Они не только блудливы, эти голубоглазые феи, они и трусливы. Они не видали ни вражеской армии, ни партизан, но все же они трясутся – от страха. Кого они боятся? Безоружных пленных, иностранных рабов. Гильгерд, проживающая в Зихельберге, жалуется жениху: «Вчера я натерпелась страху. Ночью проснулась а слышу – кто-то ужасно кричит. Это был поляк… Вечером я никогда больше не буду выходить одна…». Эту Гильгерд даже не утешает, что в Зихельберге немцы повесили поляка. Она пишет, что не успела посмотреть на то, как вешали – «не было времени», и добавляет: «Опасно ходить по улице». Иоганна Рохе тоже боится: эта – не поляков, а русских. Она пишет из Вейсенфельса: «Каждую неделю здесь появляются беглые русские. Боязно даже сходить за сеном. Их поймали, и как их били резиновыми дубинками!.. Кроме того, сбежало двое русских детей восьми лет». И Иоганна повторяет: «Страшно». Да, эта дебелая и злая тварь боится восьмилетних детишек! А Эрика Кратцер вопит: «Сегодня три женщины пошли в лес за ягодами и увидали беглых русских. Женщины – побежали за полицией…. Одна женщина вечером пошла в сад, вдруг высунулась чья-то рука и схватила ее за ногу. Женщина от страха обезумела, бросила все и убежала…» Уж не привидения ли гоняются по ночам за немками, не тени ли замученных, в чье тряпье гретхен – вырядились?
Легко себе представить, как ведут себя немки во время воздушных бомбардировок. Вот письмо вахмистру Гансу Линглингу от его супруги из Кельна: «Мое единственное, любимое, хорошее и верное сокровище! Я тебя прошу, любимый, не пугайся! Это действительно больше чем ужасно! Сокровище, это просто кошмар. Это последняя расплата! Я не могу поверить, что я вообще существую. Ты не поверишь, но, когда я думаю, я могу плакать, плакать и еще раз плакать. Мой дорогой муж, нельзя понять, как твоя женушка еще жива!.. Просто ужас, ты только представь, Ранзи, моя чернобурка стала жертвой войны! Также новый отрез, который находился у портнихи, сгорел… Да, мой дорогой муженек, так у нас обстоят дела! Если ты теперь приедешь, я не смогу тебя даже встретить на вокзале, потому что вокзала больше нет… Ах, сокровище, если ты бы мог быть здесь! Ведь мне приходится одной переживать такой ужас… Кто знает, может быть, ты скоро получишь от меня телеграмму, что я осталась без крова! Тогда ты обязательно приезжай. Да, мое сокровище, с такими вещами нужно считаться! Сейчас я довольна, что я спасла мою жизнь…» Так воет над погибшей чернобуркой среди развалин трусливая и себялюбивая сука.
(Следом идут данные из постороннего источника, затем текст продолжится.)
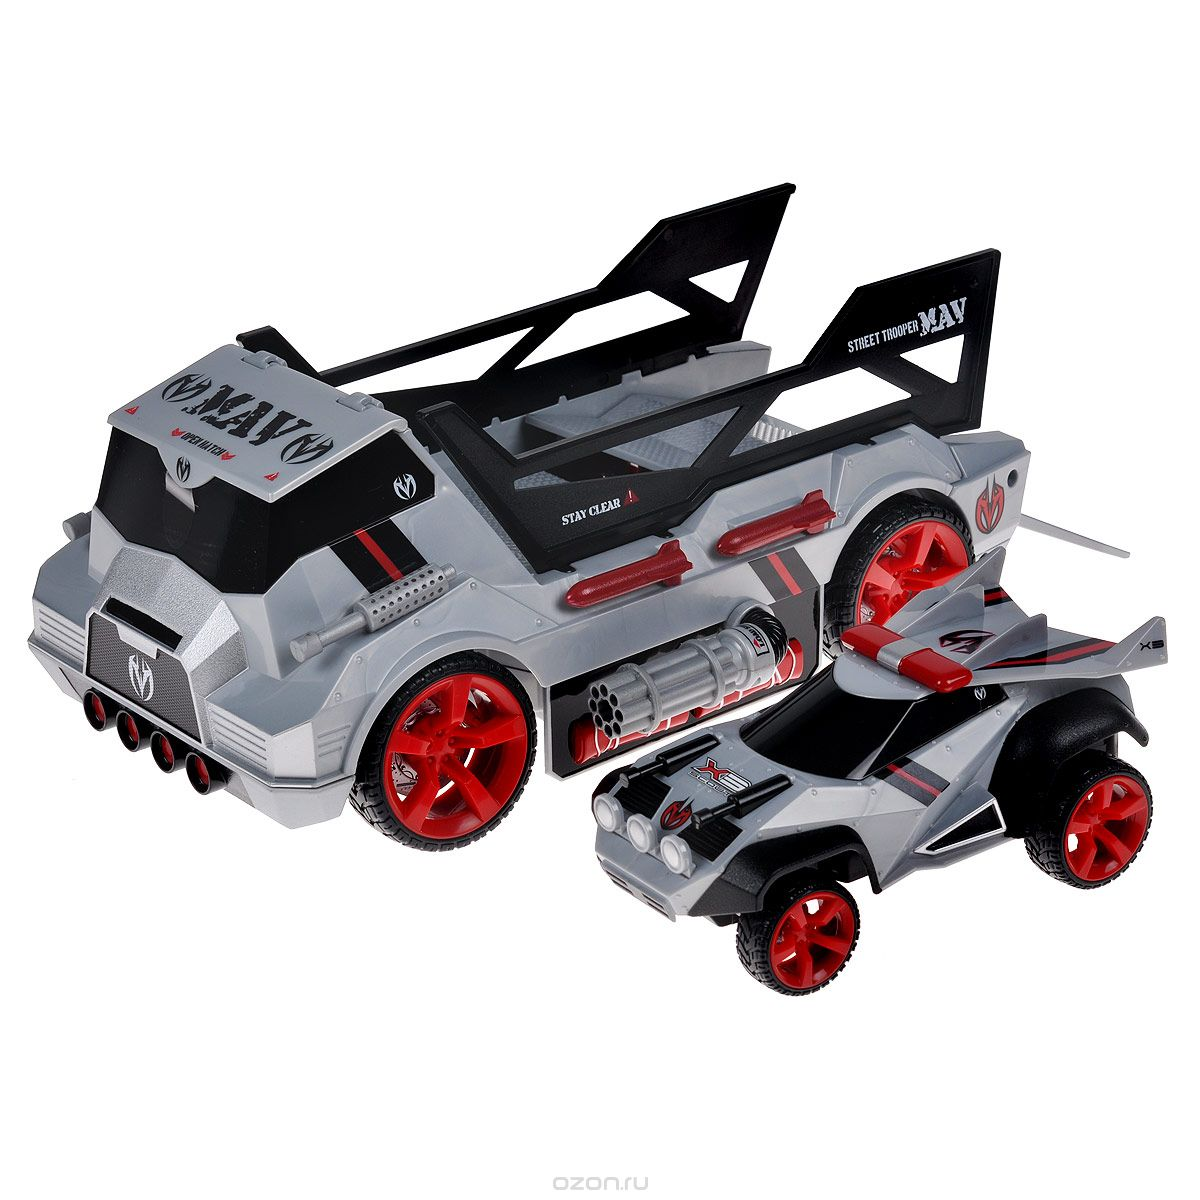 Maisto Машина на радиоуправлении Menace Hauler + Scout X3 цвет серый

Мы наконец-то увидели, как немки плачут. Они плачут не от горя – от страха. Немецкое радио молит гретхен: «Женщины должны уметь подавлять слезы, когда они появляются по той или иной причине. Злые языки утверждают, что женщина плачет тем сильнее, чем меньше у нее на то причин. Известно, что – крупные актрисы могут плакать в любой момент. Это говорит, что мы можем управлять нашими слезами. Немецкие женщины не должны плакать».
Дурной комедиант призывает гретхен не кривляться. Но гретхен и не кривляются. Они плачут, потому что никто больше не пришлет сала с медом. Они плачут, потому, что возле дома раздались шаги неизвестного раба. Они скулят над сгоревшими платьями. Они ревут от ужаса, когда раздается рев сирены: своим ревом они покрывают сирены. Они теряют голову. Это не актрисы, это самки, которые кричат, потому что близится час расплаты.
Они смывали кровь с детских вещей. Они не смыли детскую кровь со своих рук – вдохновительницы воров, помощницы палачей, сожительницы гнусных убийц.
Женщина – великое слово. В нем нежность и гордость, в нем чистота девушки, в нем самоотверженность подруги, в нем подвиг матери. Можно ли назвать женщинами этих мерзких самок? Женщина ли фрау Шмидт с ее ста шестьюдесятью посылками? Нет, тварь. Таково возмездие истории: в Германии, создавшей армию палачей, армию грабителей, нет больше той возвышенной, благородной женщины, которая ждет друга, сражающегося за свободу.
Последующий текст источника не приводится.